Another tool I love is the prompt box. It’s an old cigar box filled with little slips of paper that I’ve rolled up (there’s something enticing about this magical wrapper). They’re mostly story starts, like “I heard a crash from upstairs.” If a kid is stuck, or looking for something to free write about, or coming to writing time and unsure how to get started, I’ll suggest they pull something from the box. I also just leave it around for curious humans to find – you never know when someone needs a few words to kickstart the story in their head.

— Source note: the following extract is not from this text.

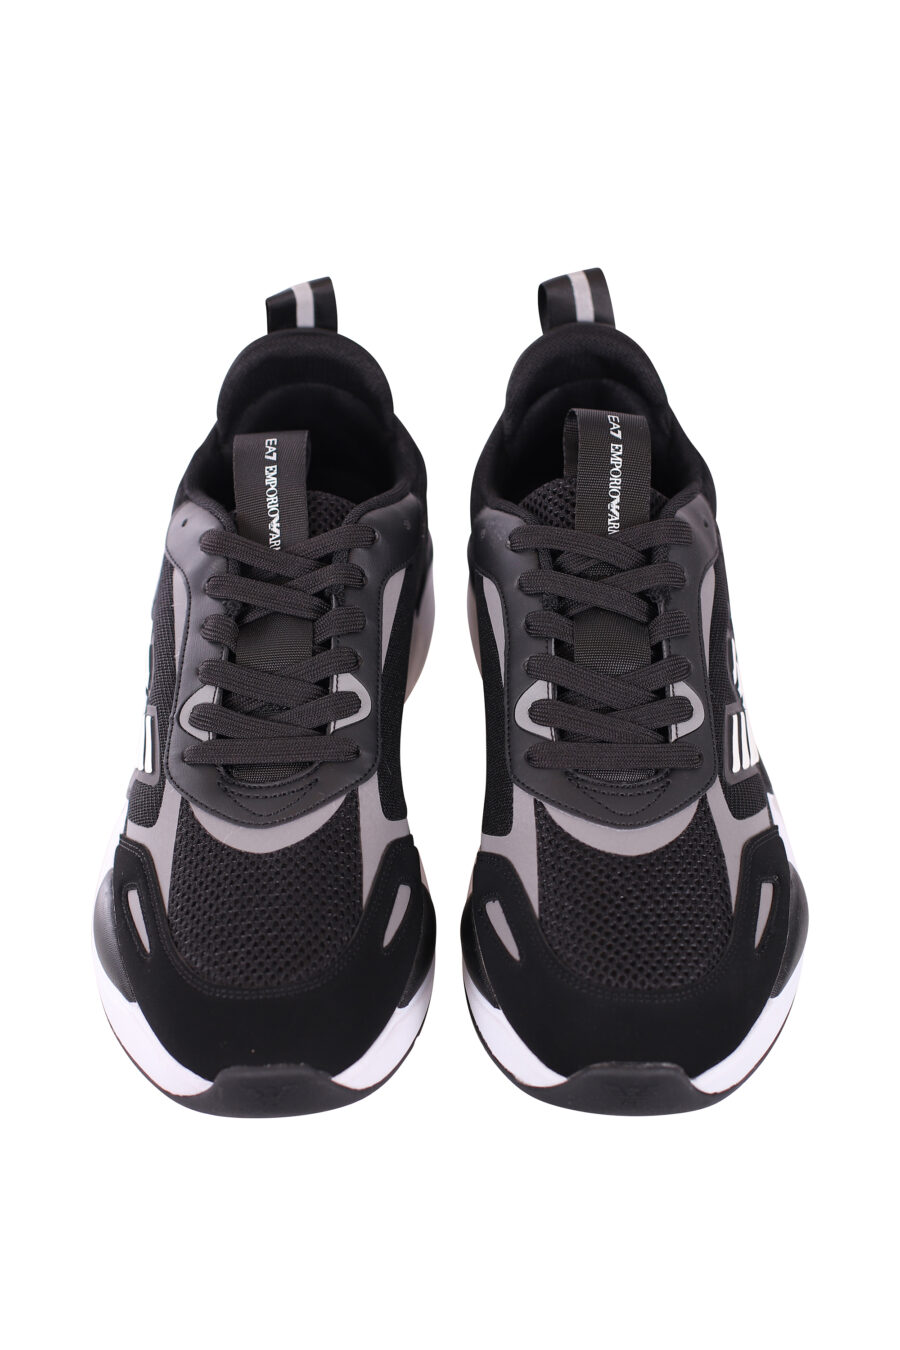 Zapatillas negras y plateado "ace runner" con logo de aguila - IMG 5646
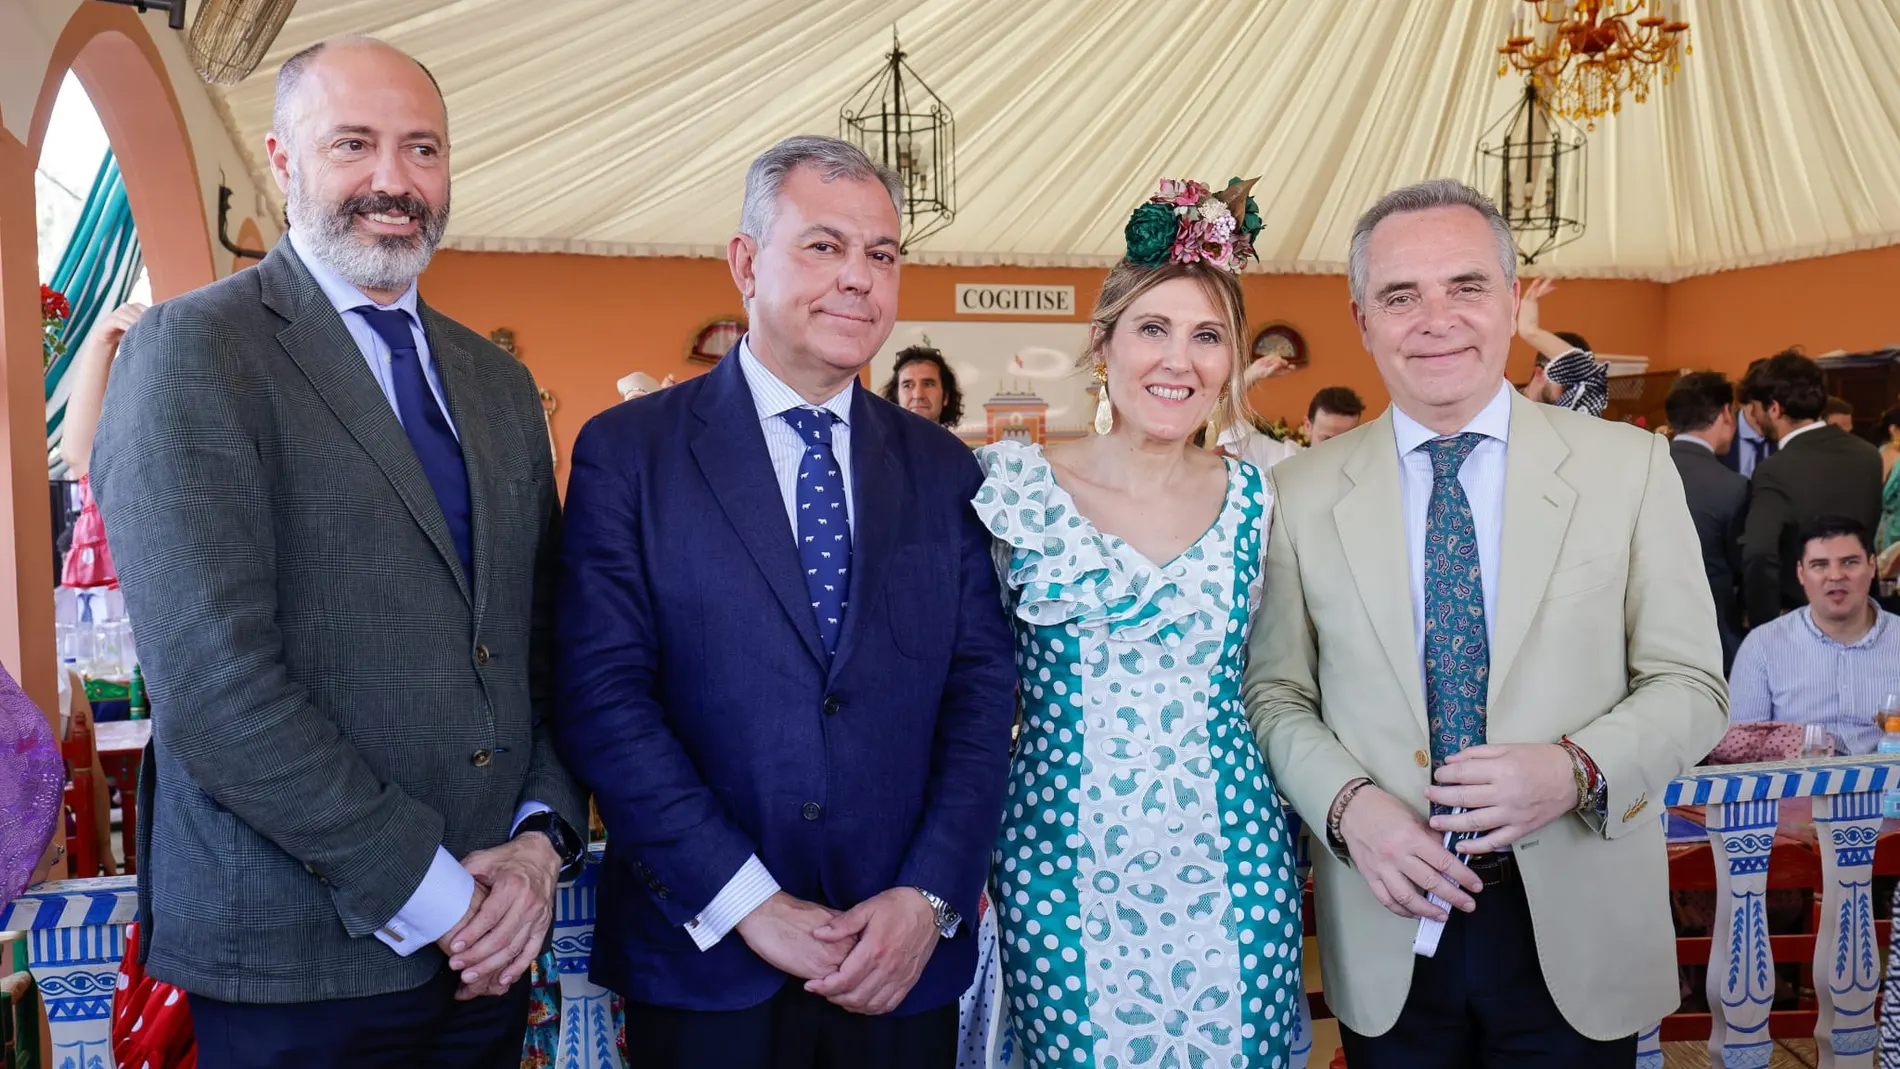 La decana, Ana Jáuregui, acompañada del alcalde de Sevilla, Antonio Sanz, y más autoridades en la caseta de Cogitise

Sometimes Writing Time looks like a kid coming and pulling a prompt from the jar and the two of us writing a story together – her dictating to me because I type faster. Sometimes it looks like playing a collaborative word game – we really like one where we sit in a circle and go around telling a story one word at a time. Sometimes we make a recording of that storytelling circle and listen back to what we’ve told together, or transcribe that recording. Sometimes kids come with their own projects or intentions – I’ve got a teenager who’s practicing writing essays – and I support them in doing that. I deliberately keep it open; I really like to start with the question “What are you working on?”

In the end, most of the support that I offer is encouraging kids to be prolific, to start in a non-judgemental place and stay curious about what is taking shape under their hands. Having ideas about what you want to write is exciting, but ideas aren’t workable until they’re words on the page and you can play in them. And it’s hard to make time for that! So I hold writing time, and we make that time together.